Stovall: I used to work for a correspondent lender.  Although the 5 years that I spent in commercial real estate finance spanned the financial crisis of 2007 and 2008, it was during this time that I developed a love for the industry.  To me, touring the various properties and field underwriting finance requests taught me a lot about the nuances among property types.

ICBR: Do you have any mentors? If so, who? How has he/she inspired you?

Stovall: Yes, I have two mentors—Mike Dahm of Bradley Company and David Norton of BND Commercial.   Mike founded NAI Harding Dahm in 1967 and has a work ethic that inspires yet another generation of brokers.  David works equally as hard but teaches me the “how” of being a  broker—the soft skills that enable you to be open and honest but not indiscreet.

ICBR: What is the most important thing you have learned by working in commercial real estate?

Stovall: The most important thing I’ve learned is that the career of a broker is that of a true sales professional.  If you approach the position with the canned banter, then you’ll be mediocre.  If, on the other hand, you take a consultative approach to selling, you’ll talk less, listen more, and begin to build a meaningful book of business.

ICBR: What is your current professional goal(s)?

Stovall: I plan to secure my CCIM designation by late 2016.  In the meantime, my objective is to further deepen my body of knowledge in what has become somewhat of a specialty for me—namely, corporate service work in the office market.  We finished some great projects in 2014 and have already been referred for additional work for 2015 and 2016.

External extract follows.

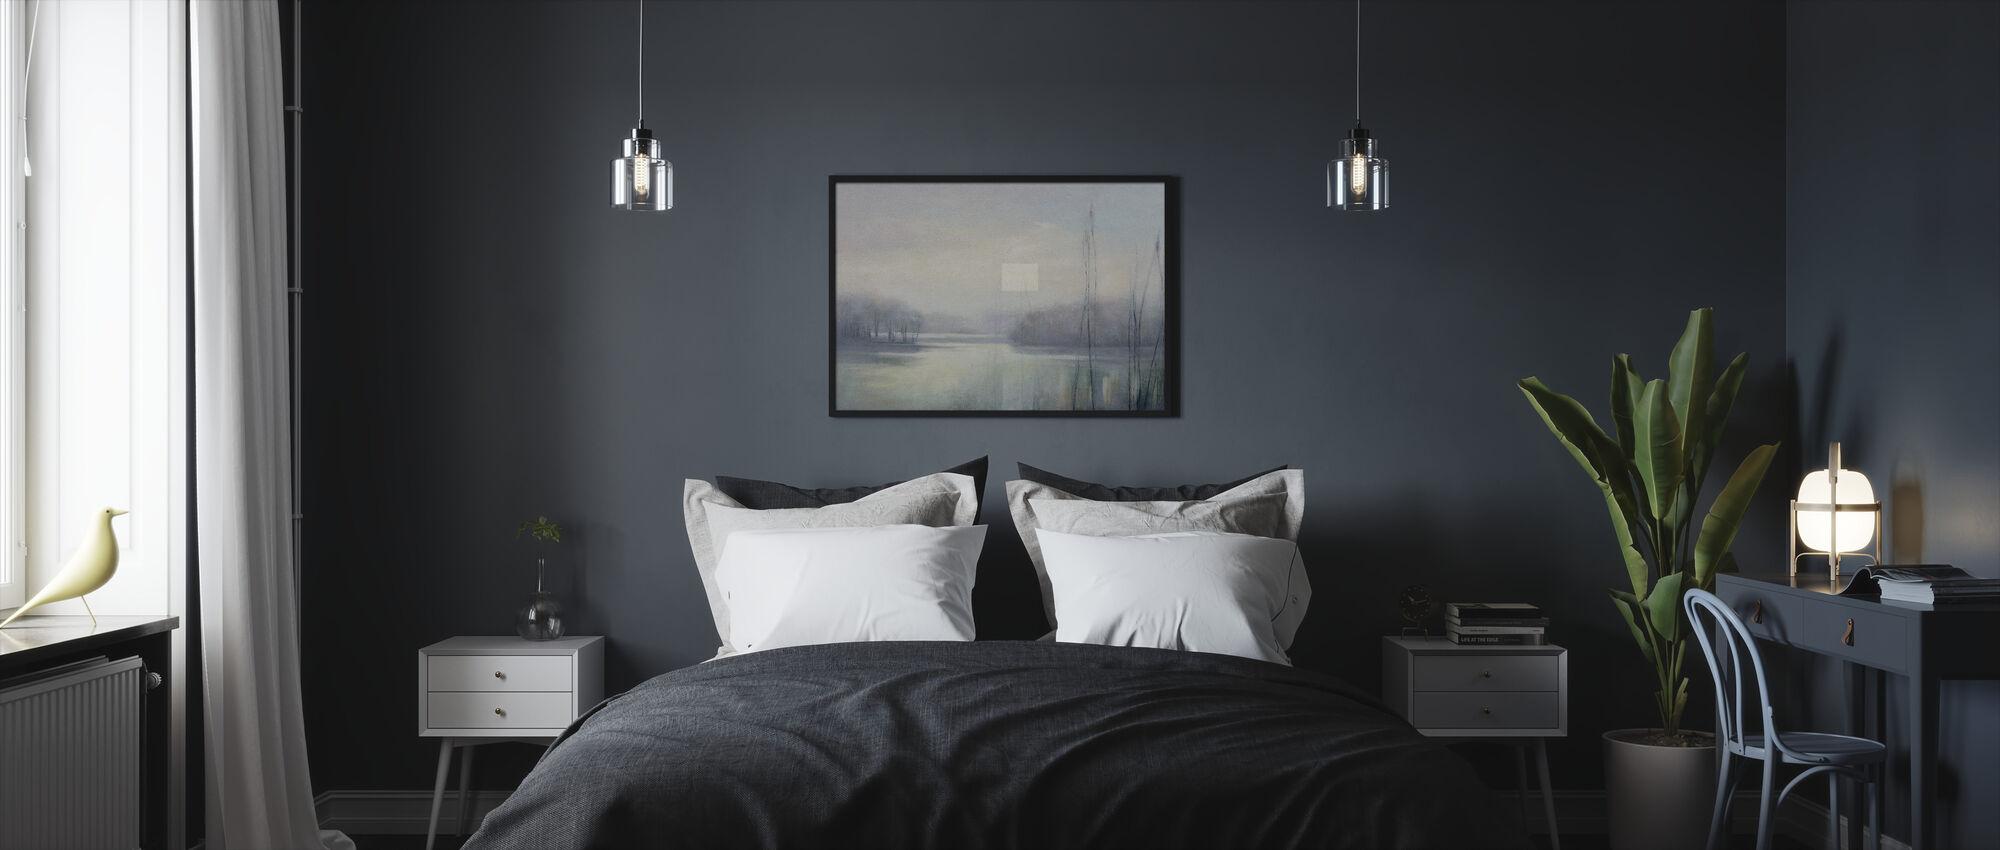 Memorie nebbiose - Stampa incorniciata - Camera da letto

ICBR: What is your most recent accomplishment?

Stovall: In the fourth quarter of last year, we completed the last of 4 site acquisition assignments for a fast-growing Midwest developer and represented the tenant on a long-term office lease of approximately 70,000 square feet in southwest Fort Wayne.  (I use the pronoun “we,” because, in both cases, I helped another broker with their particular client but still learned immensely.)

ICBR: Do you have any special skills, interests or hobbies?

Stovall: In general, I’m somewhat of a fitness freak and generally leave work around lunchtime to hit the gym or go for a quick run, weather permitting.  Also, I’m a hobbyist writer.  Currently, I’m editing the manuscript of a novel I’ve written and plan to begin a commercial real estate blog later this year.